Percolation transition for random forests in $d\geq 3$

TL;DR

This paper proves that in dimensions three and higher, the arboreal gas model exhibits a percolation phase transition, contrasting with the two-dimensional case where no such transition occurs, using advanced mathematical physics techniques.

Contribution

It establishes the existence of a percolation transition for the arboreal gas in $d\geq 3$ and links it to symmetry breaking in a related non-linear sigma model.

Findings

Percolation transition occurs in $d\geq 3$

Symmetry is spontaneously broken at low temperatures

Existence of infinite trees and massless correlations

Abstract

The arboreal gas is the probability measure on (unrooted spanning) forests of a graph in which each forest is weighted by a factor $\beta>0$ per edge.

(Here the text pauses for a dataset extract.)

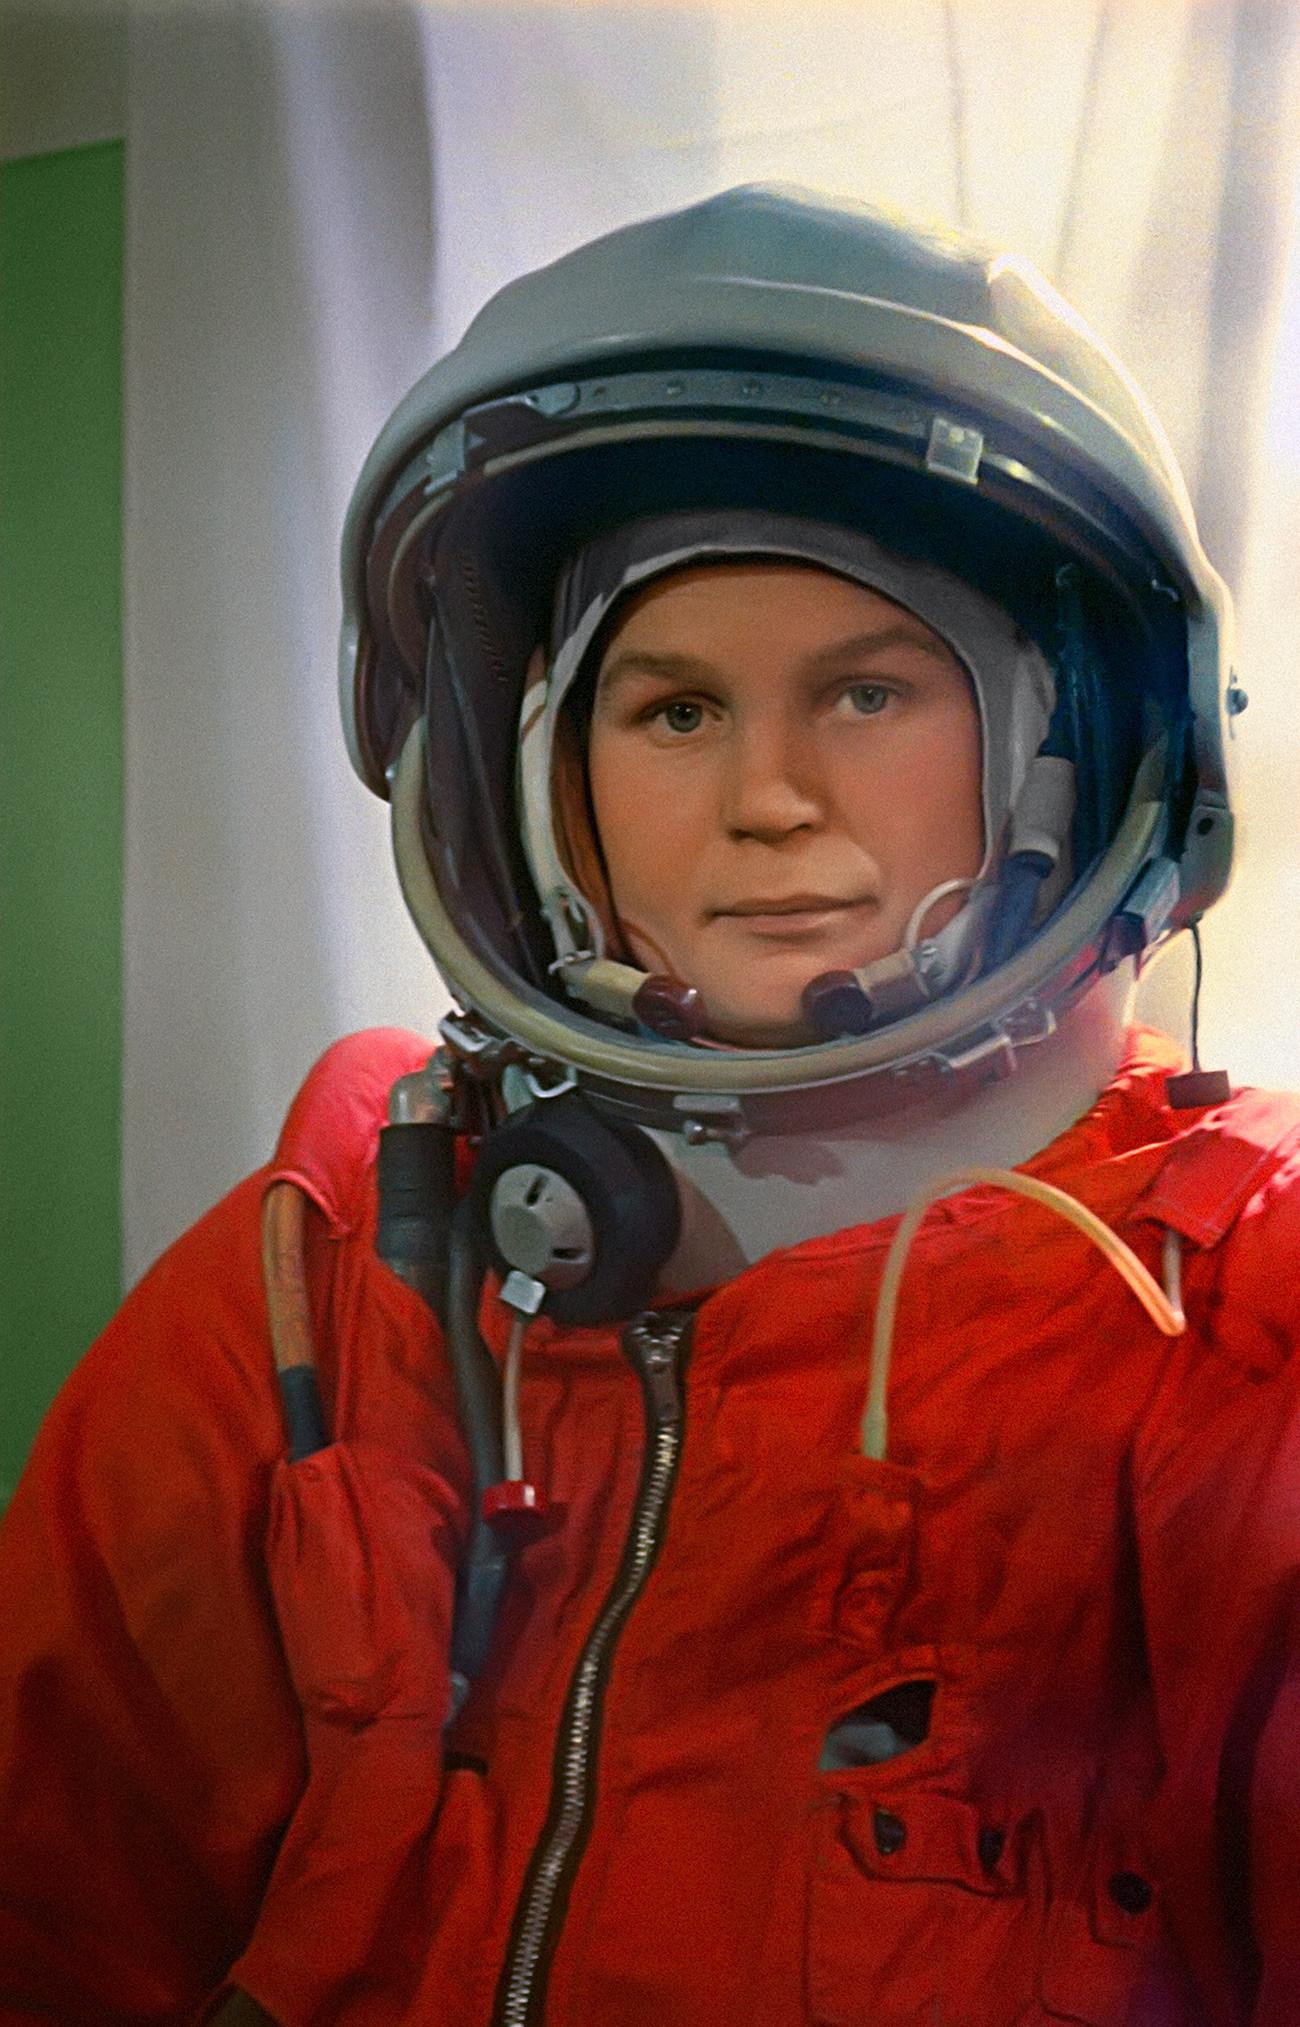 La cosmonauta sovietica Valentisna Tereshkova prima del lancio. Tereshkova fu la prima donna ad aver volato nello spazio
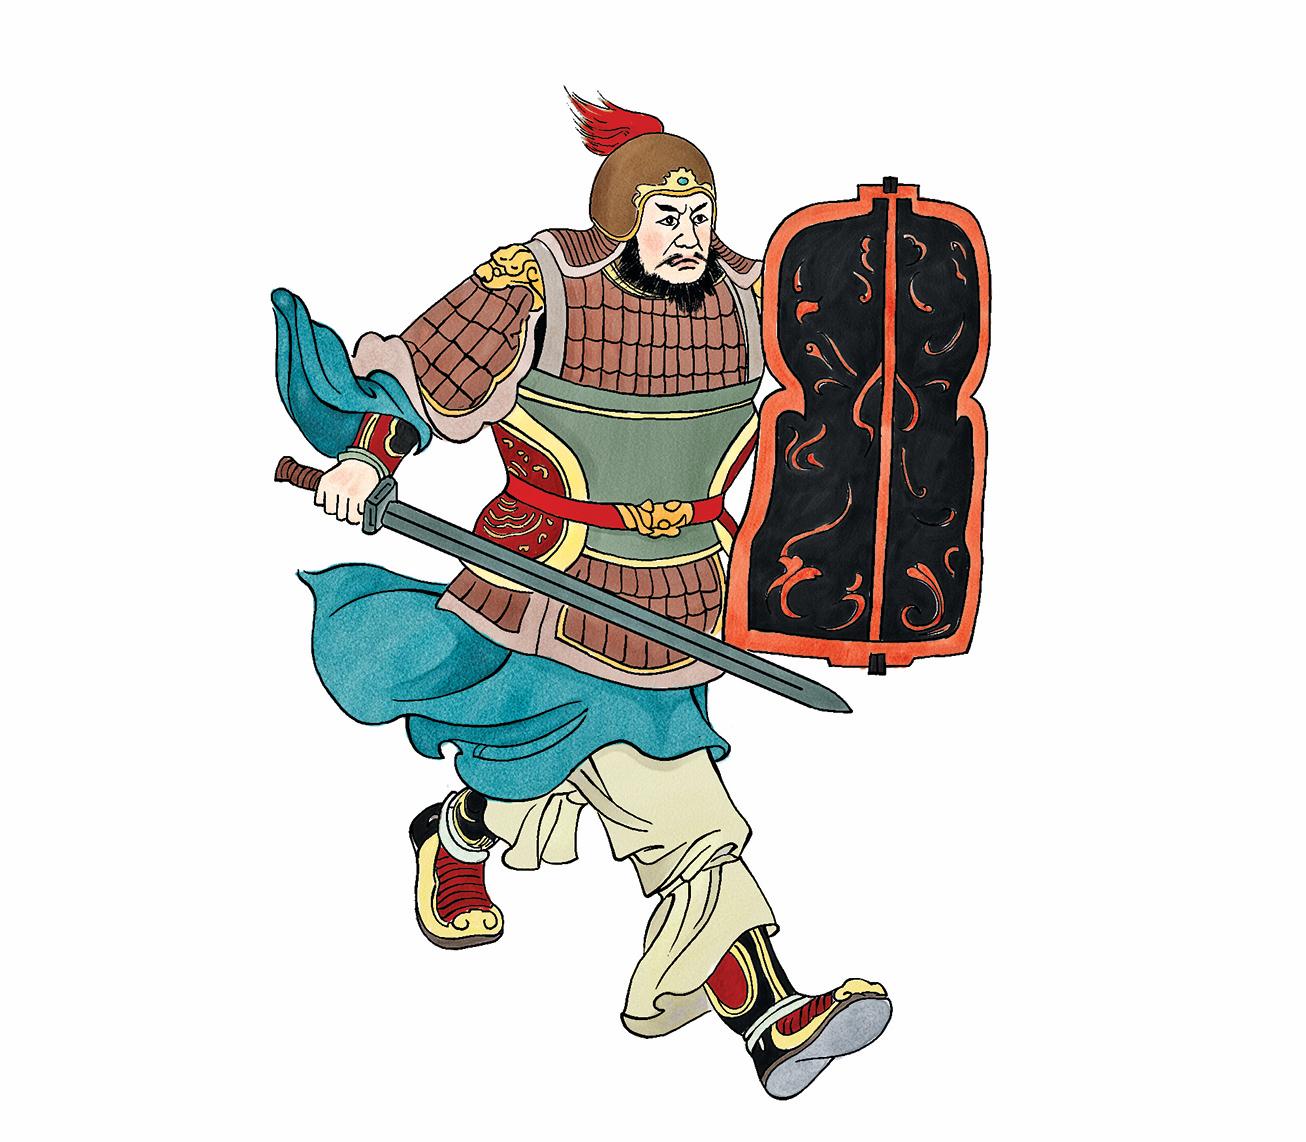 ▲ 鴻門宴上,樊噲闖進大帳,打破了項莊舞劍的僵局。

It arises as the $q\to 0$ limit of the $q$-state random cluster model with $p=\beta q$. We prove that in dimensions $d\geq 3$ the arboreal gas undergoes a percolation phase transition. This contrasts with the case of $d=2$ where no percolation transition occurs. The starting point for our analysis is an exact relationship between the arboreal gas and a non-linear sigma model with target space the fermionic hyperbolic plane $\mathbb{H}^{0|2}$. This latter model can be thought of as the $0$-state Potts model, with the arboreal gas being its random cluster representation. Unlike the standard Potts models, the $\mathbb{H}^{0|2}$ model has continuous symmetries. By combining a renormalisation group analysis with Ward identities we prove that this symmetry is spontaneously broken at low temperatures. In terms of the arboreal gas, this symmetry breaking translates into the existence of infinite trees in the thermodynamic limit. Our analysis also establishes massless free field correlations at low temperatures and the existence of a macroscopic tree on finite tori.